Bereits vor Jahren widmete ein Parteigenosse Kreiskys, Prof. Klen-ner, dem „Unbehagen in der Demokratie“ ein ganzes Buch. Dieser warf allerdings nicht die sehr berechtigte Frage auf, ob nicht die herrschende Malaise zum großen Teil eine direkte Konsequenz der immer stärker verwischten Gewaltentrennung darstellt, ob nicht des Staatsbürgers zunehmendes Gefühl der Ohnmacht in Wirklichkeit nicht zuletzt auf jene Aushöhlung der Gewaltentrennung zurückzuführen ist, die gegenwärtig als Fortschritt gefeiert wird. Nicht zuletzt dadurch entsteht jene Präponderanz des politischen Willens der Mehrheitsparteien oder der Interessengruppen, der sich der einzelne hilflos ausgeliefert fühlt und die tatsächlich durch die für eine echte Demokratie notwendigen Kontrollinstanzen nicht mehr in Grenzen gehalten wird.

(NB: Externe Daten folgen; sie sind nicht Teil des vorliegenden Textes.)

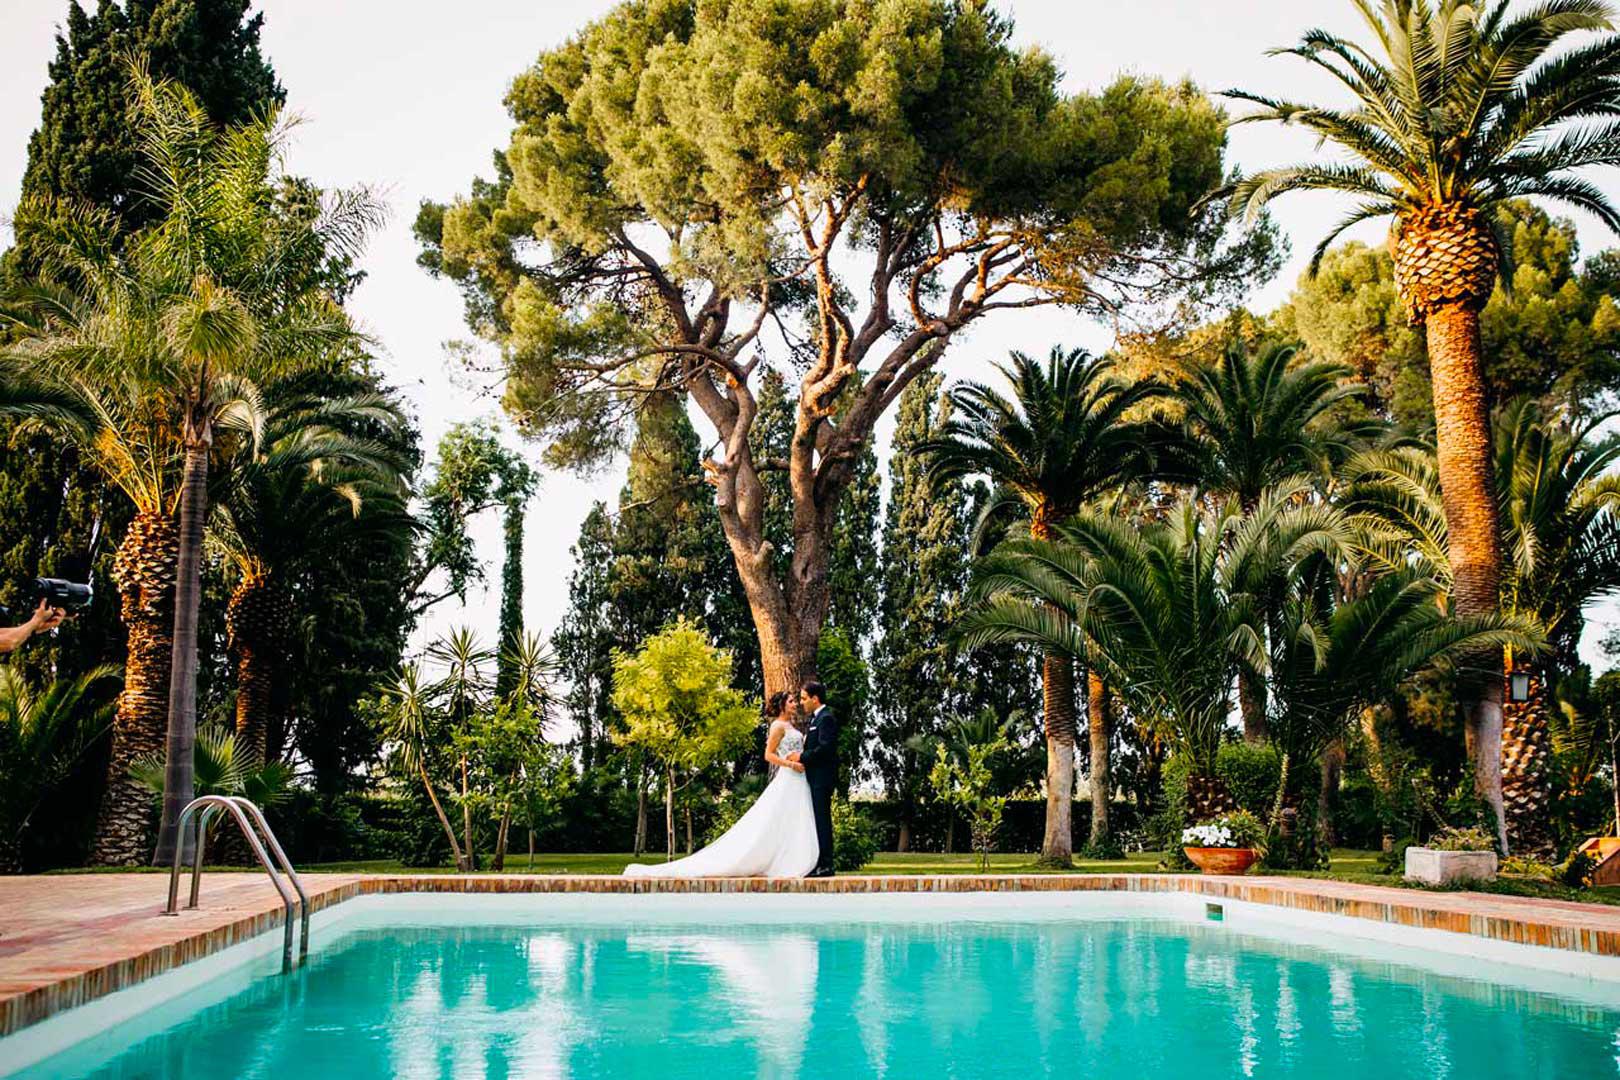 037-torre-giulia-wedding-gianni-lepore

5. Die Berufung auf die Antiquiertheit der demokratischen Institutionen - und da speziell der Gewaltentrennung - ist kein Novum, sondern wird bereits seit langer Zeit betrieben, mit besonderer Vorliebe von Diktatoren. Auch Hitler und Stalin wollten ja angeblich die Demokratie als solche nicht abschaffen, sondern nur „verbessern“. Die Resultate sind bekannt. Glaubt Bruno Kreisky tatsächlich, daß allein durch die demokratische Gesinnung der heute führenden Repräsentanten der Mehrheitspartei auf längere Sicht eine Entwicklung in dieser Richtung nach Eliminierung fundamentaler Prinzipien der Demokratie verhindert werden kann?